Evidence-based governance for data definitions
The Problem
Most data problems aren’t about bad data—they’re about bad definitions.
When a dashboard says “X patients are ready for discharge”, it’s showing the result of a rule, not reality. That rule might be sensible, but once it becomes a target, people adapt to it. The definition doesn’t change, but what it measures does.

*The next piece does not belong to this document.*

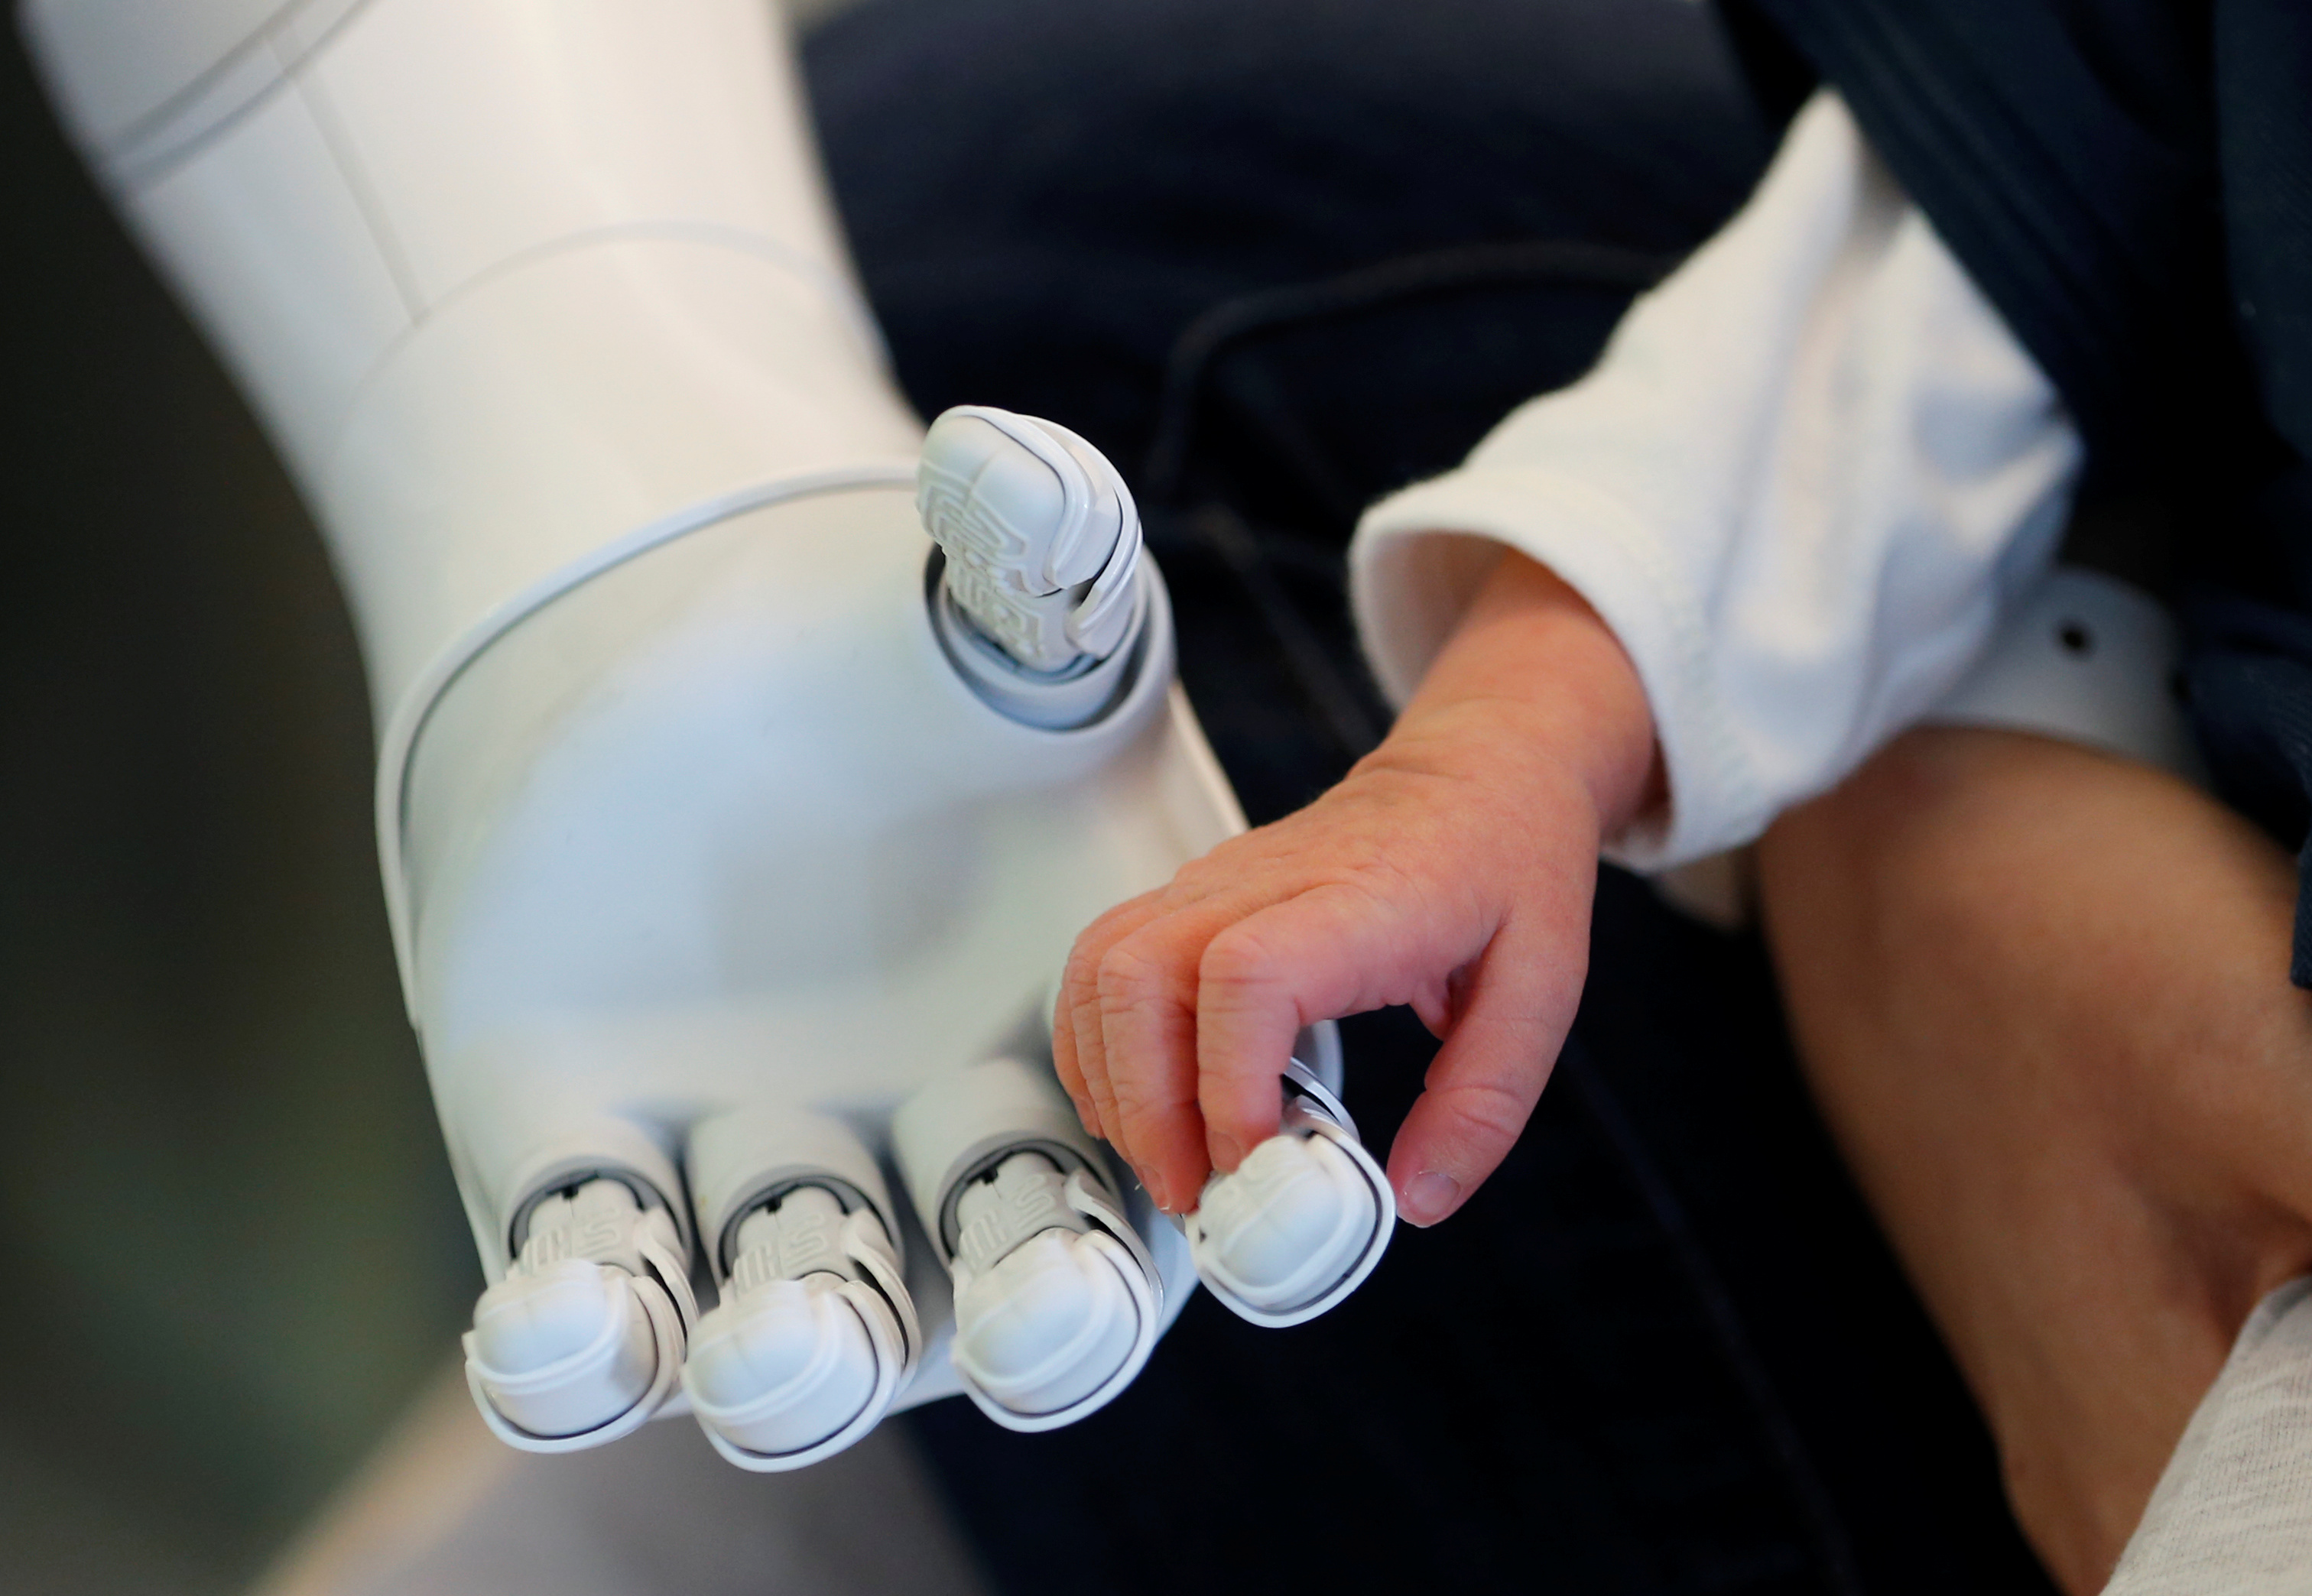 "Pepper" the robot holds the hand of a new born baby at AZ Damiaan hospital in Ostend,

This is ontology drift: the gradual divergence between what a definition claims to measure and what it actually measures.
The Solution
ontologyR treats definitions as hypotheses, not decrees:
- Version definitions — never overwrite, always add new versions
- Audit definitions — sample cases and check if definitions match reality
- Detect drift — track disagreement rates over time
- Govern with evidence — use audit data to inform adoption and deprecation
Two API Styles
ontologyR offers two equivalent ways to work with ontologies:
Style 1: Object-based (recommended for interactive use)
Inspired by ontologyIndex, this feels R-native with $ accessors:
library(ontologyR)
# Create ontology object
ont <- ontology(":memory:")
# Register and define
ont$register_object("Encounter", "encounters", "encounter_id")
ont$define_concept("ready_for_discharge", "Encounter")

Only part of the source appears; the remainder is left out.